General information
- Type: Ultralight aircraft
- National origin: United States
- Manufacturer: Ragwing Aircraft Designs
- Designer: Roger Mann
- Status: Plans available

History
- Developed from: RagWing RW4 Midwing Sport

= RagWing RW7 Duster =

The RagWing RW7 Duster is a single seat, low wing, strut-braced, single engine ultralight aircraft designed by Roger Mann and sold as plans by RagWing Aircraft Designs for amateur construction.

==Design and development==
The RW7 was designed as a homebuilt aircraft category design as it is too heavy to be a US FAR 103 Ultralight Vehicles compliant aircraft with that category's 254 lb empty weight limit. The RW7 was designed as a homebuilt version of a classic crop duster and in fact can be fitted with a small aerial application system. The aircraft was developed from the earlier RagWing RW4 Midwing Sport, which in turn was developed from the RagWing RW1 Ultra-Piet. All aircraft share common construction materials and methods.

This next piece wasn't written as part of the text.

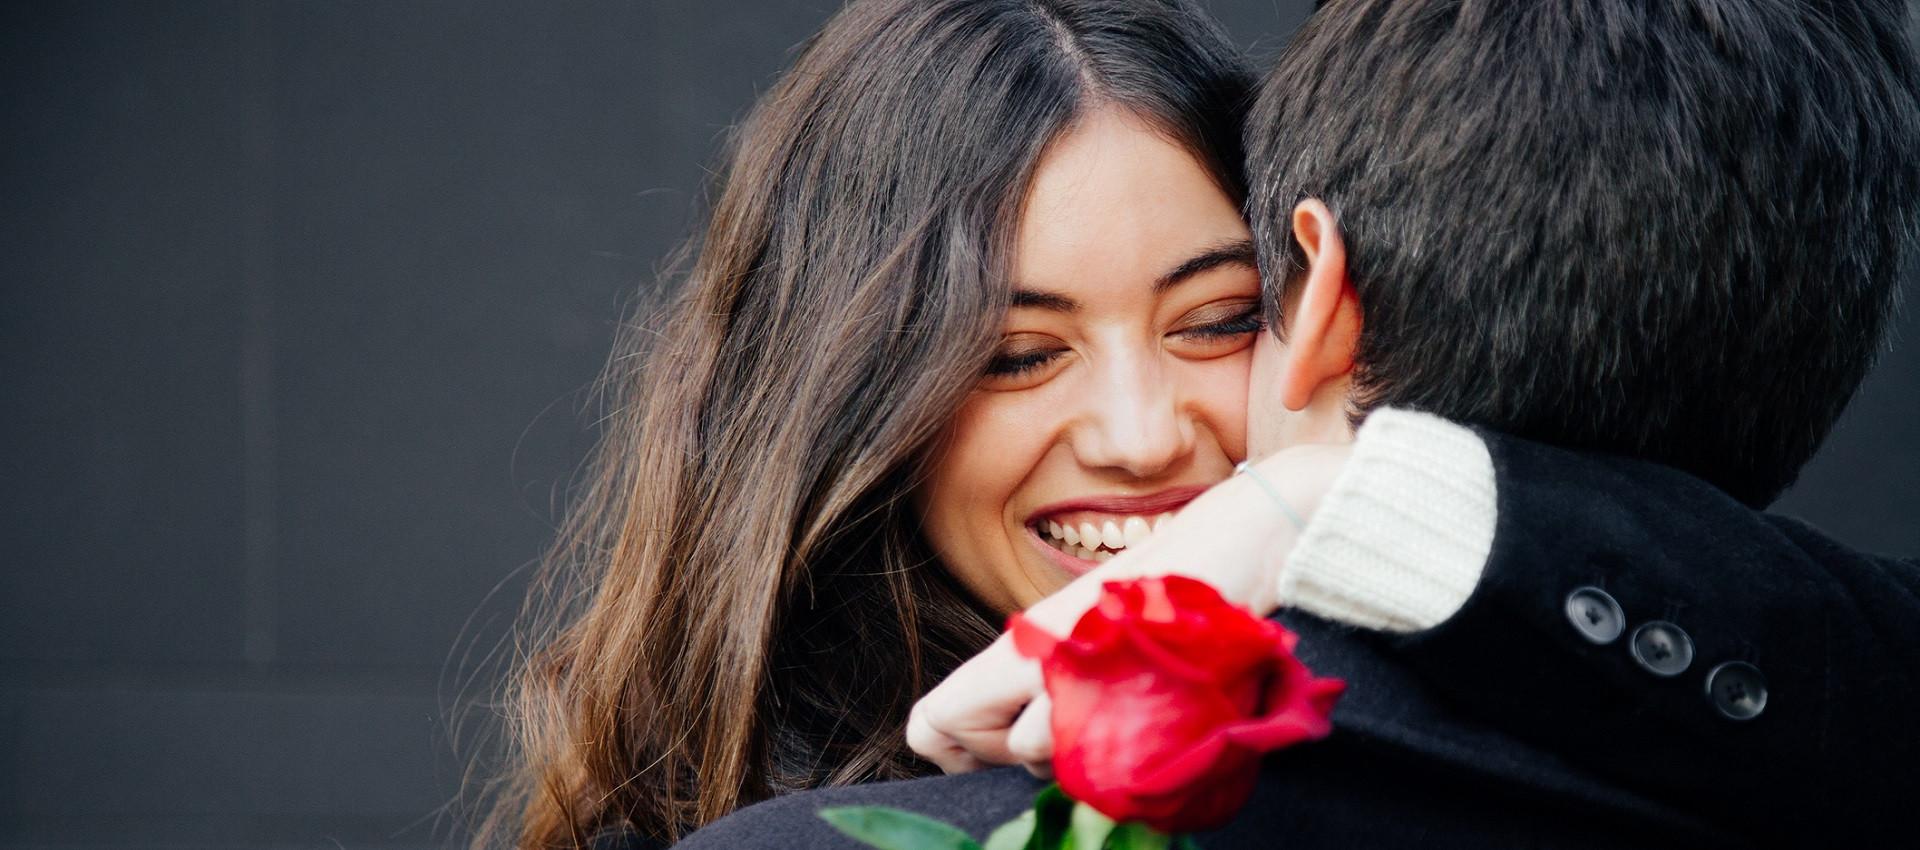 Sağlıklı ve doğru evlilik kurmanın beş altın kuralı

The airframe is constructed entirely from wood and covered with aircraft fabric. The landing gear is of conventional configuration. The aircraft's installed power range is 28 to 52 hp and the standard engine is the 50 hp Rotax 503, although the 38 hp Kawasaki 440, Volkswagen air-cooled engine and the 35 hp Half VW have also been used.

Partial kits and construction kits were available in the late 1990s, but today the aircraft is only offered as plans. Estimated construction time is 400–600 hours, although the designer estimates 400 hours. The aircraft can be built in a single car garage, with outdoor final assembly when the wings and fuselage are completed.